### What the exercise asks
Set down exact lines only, from the line with "PVC Pipe Sculptures by artist Kang Duck bong" through the last line of the material below, with every picture left out.

### Dataset extract
|---|
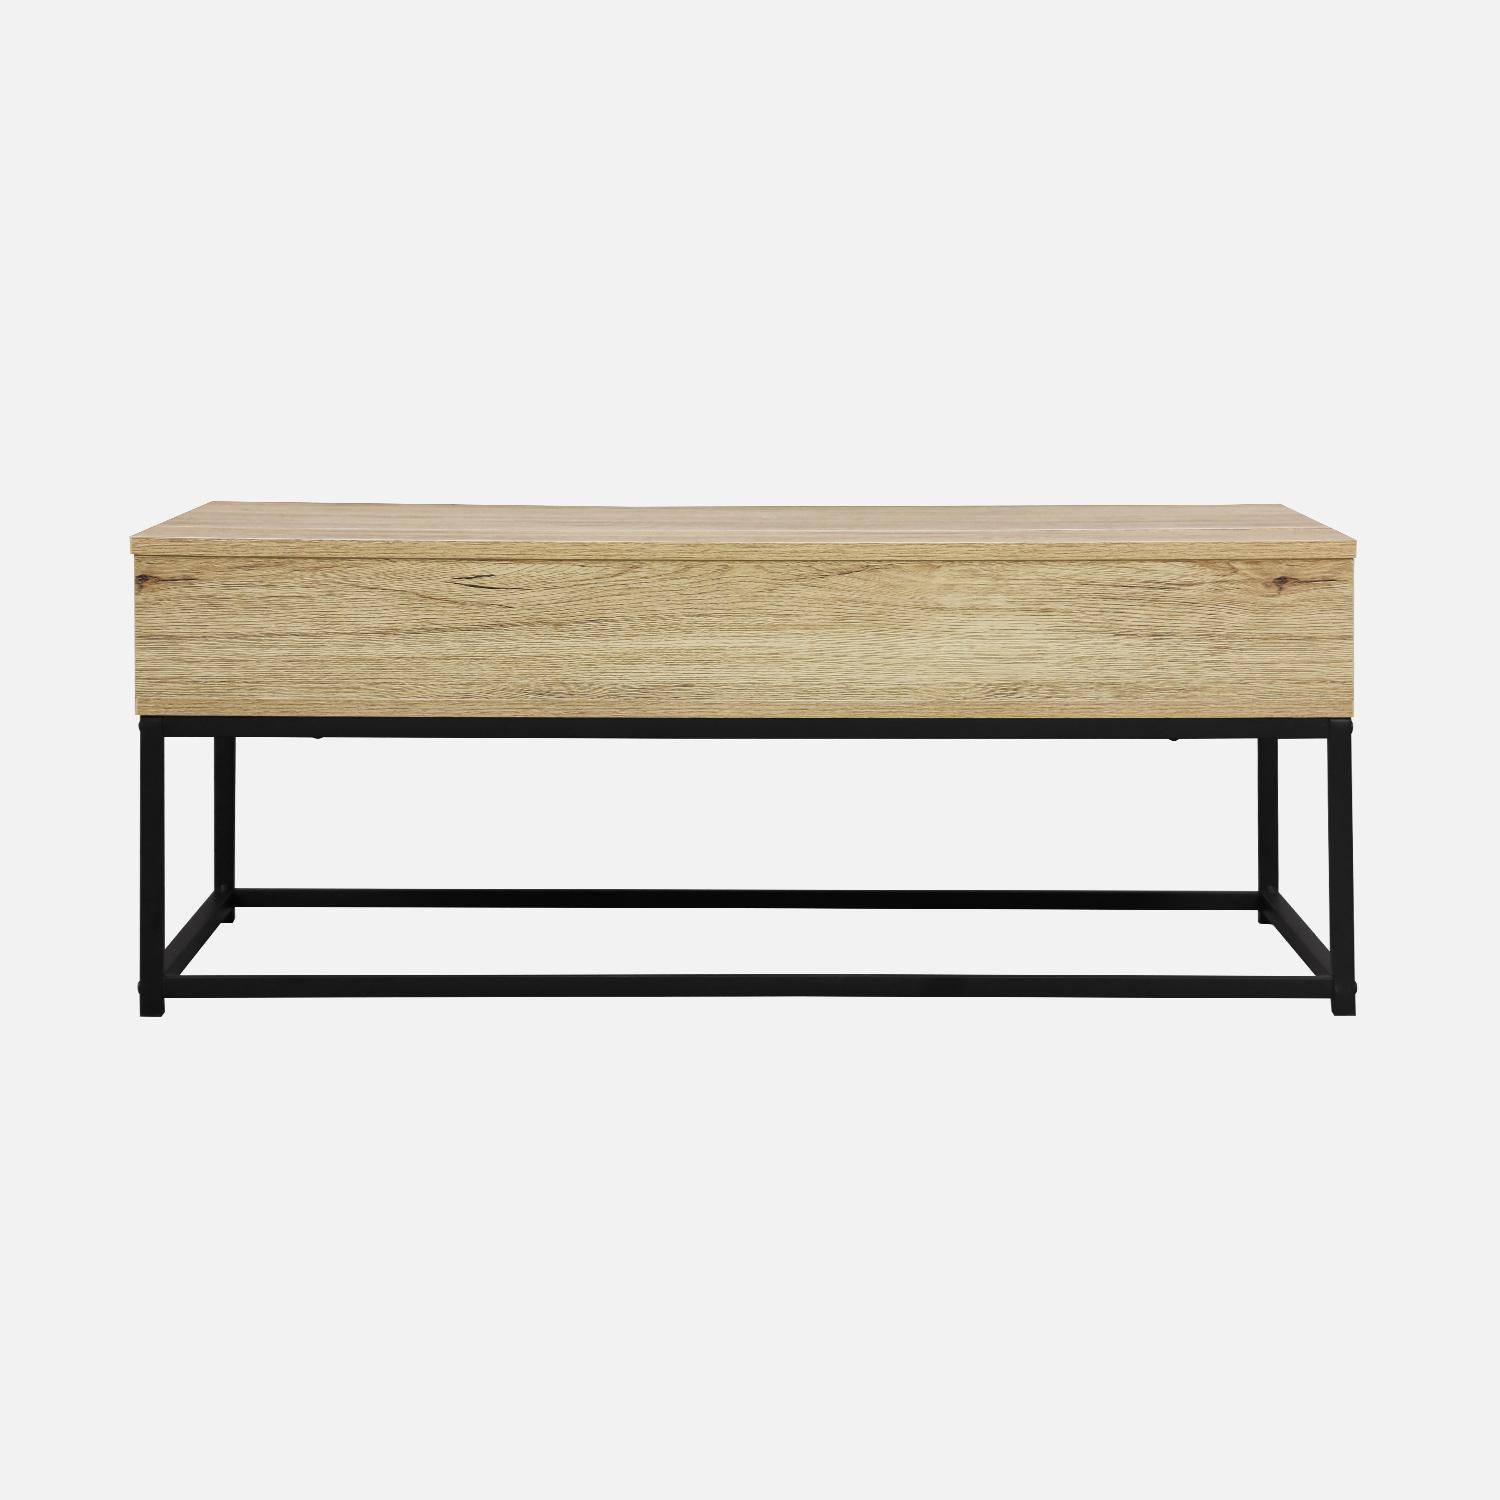 Liftable coffee table, 100x55x40.5cm - Loft,sweeek,Photo6
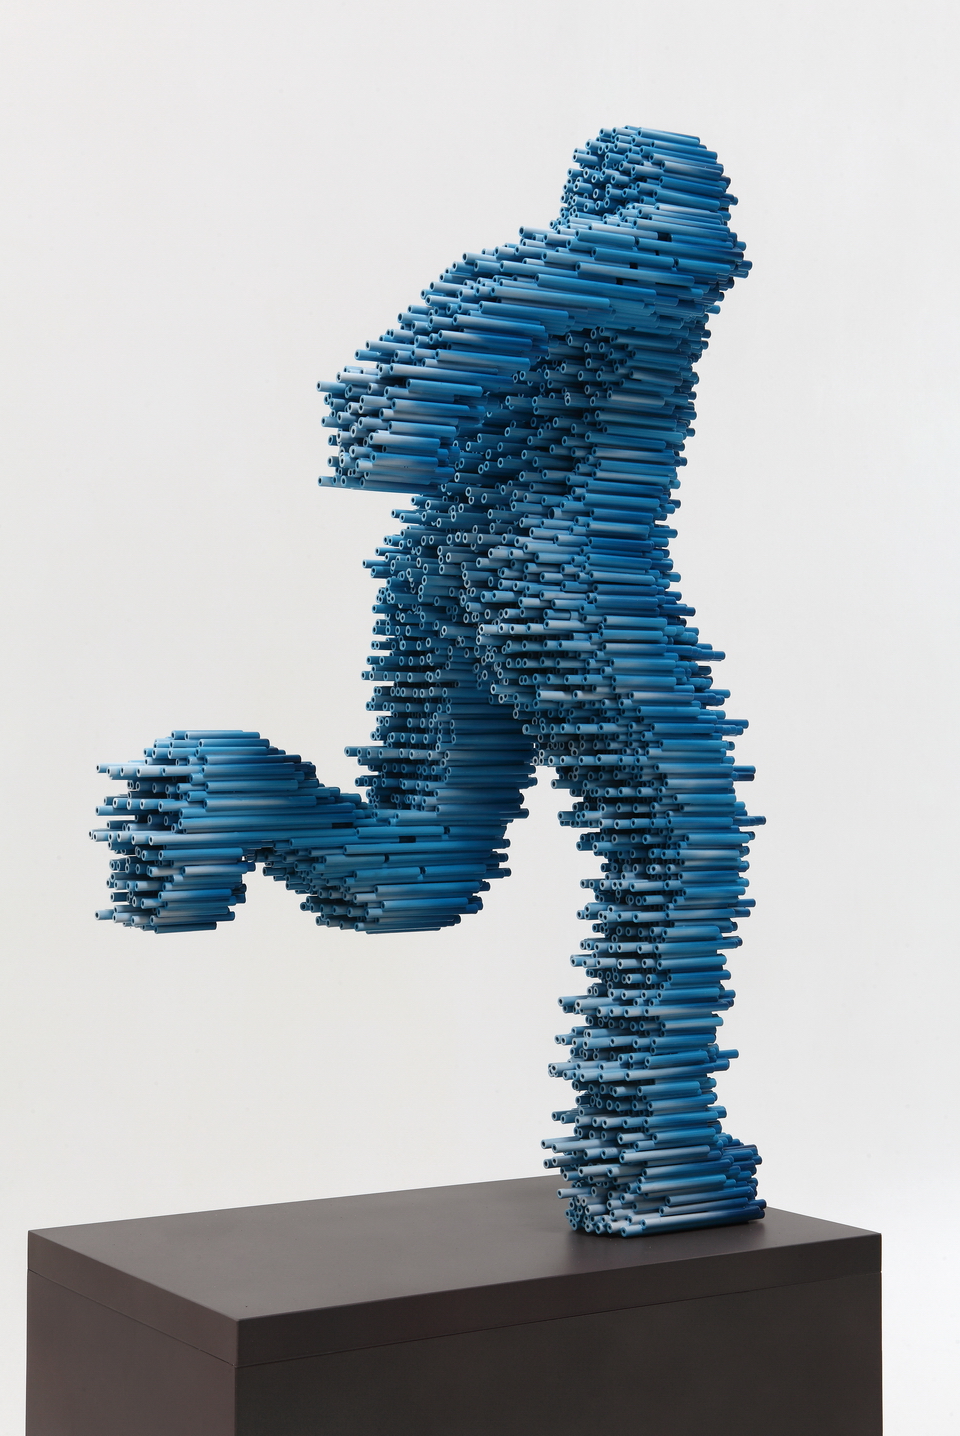 PVC Pipe Sculptures by artist Kang Duck bong
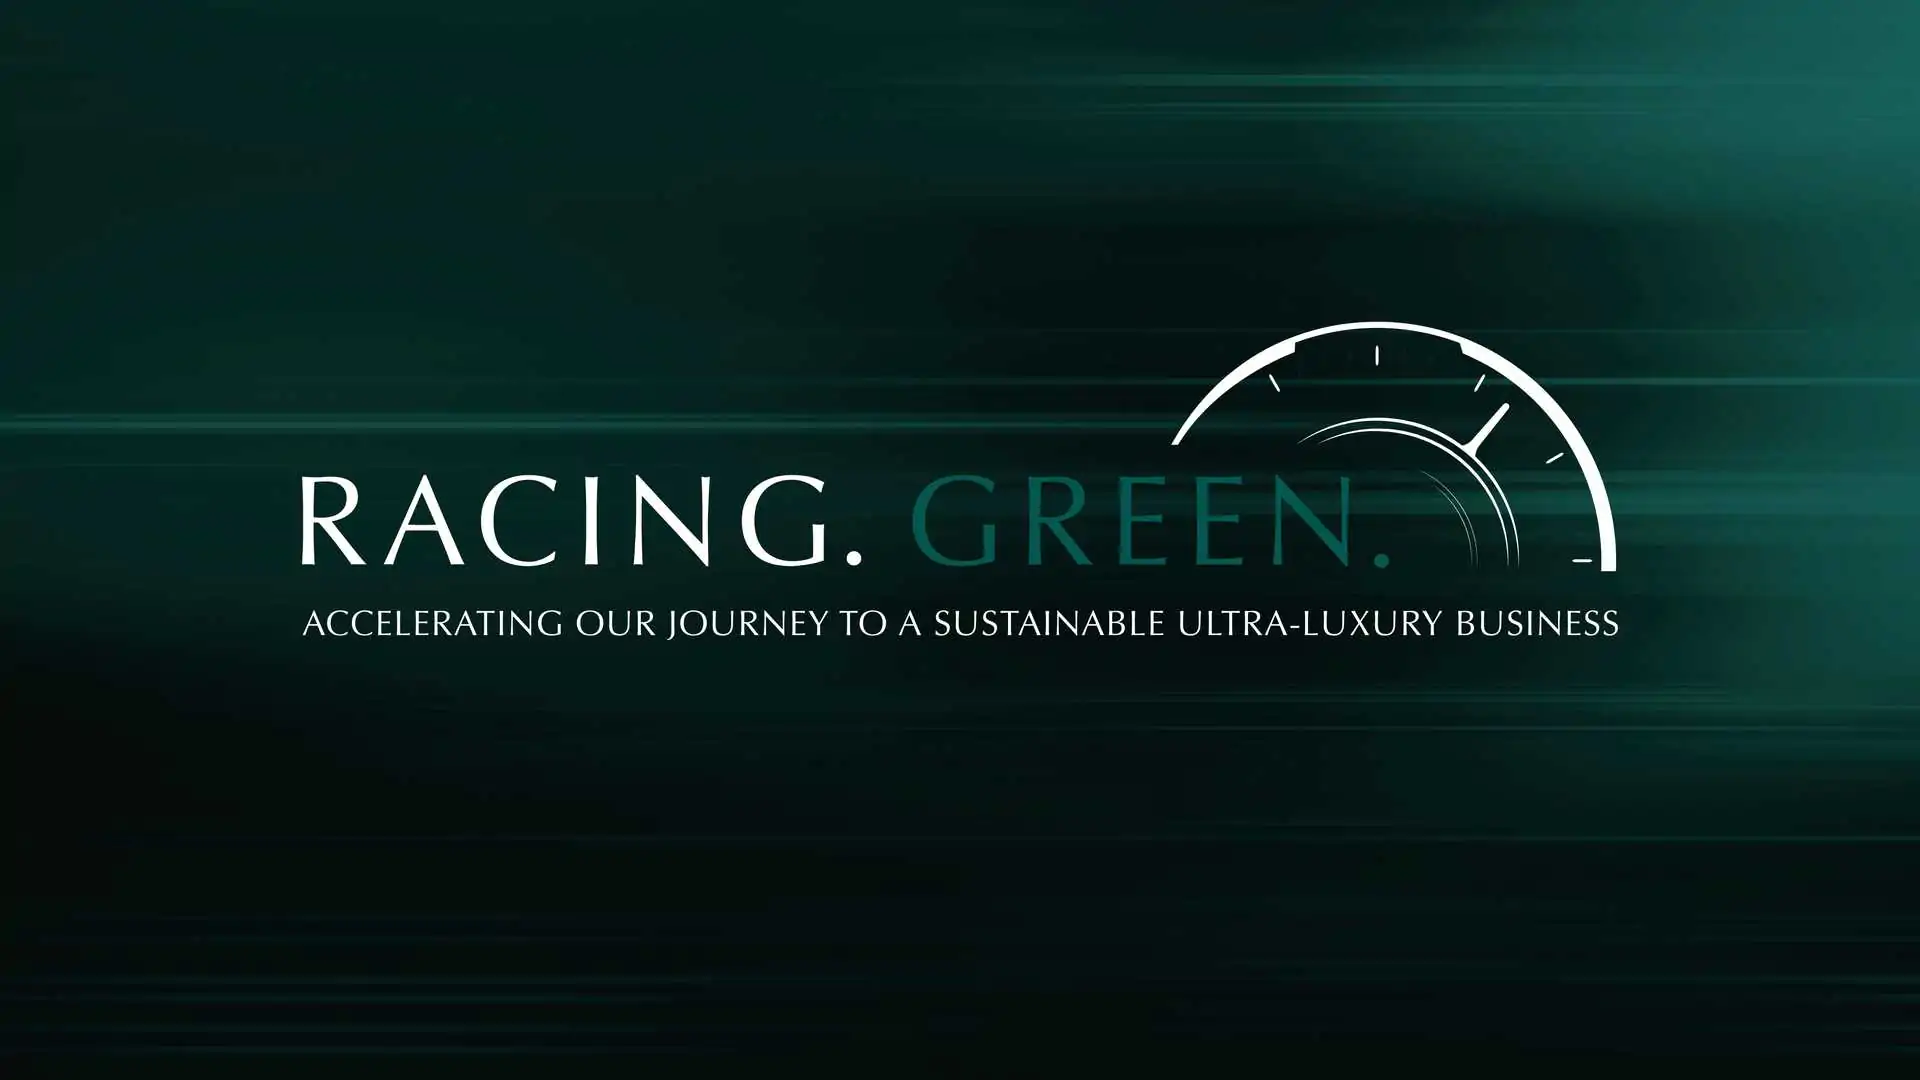 Menyambut Era Elektrifikasi, Aston Martin Mengkampanyekan Strategi Elektrifikasi “Racing Green”
|---|
### Expected answer
 PVC Pipe Sculptures by artist Kang Duck bong
 Menyambut Era Elektrifikasi, Aston Martin Mengkampanyekan Strategi Elektrifikasi “Racing Green”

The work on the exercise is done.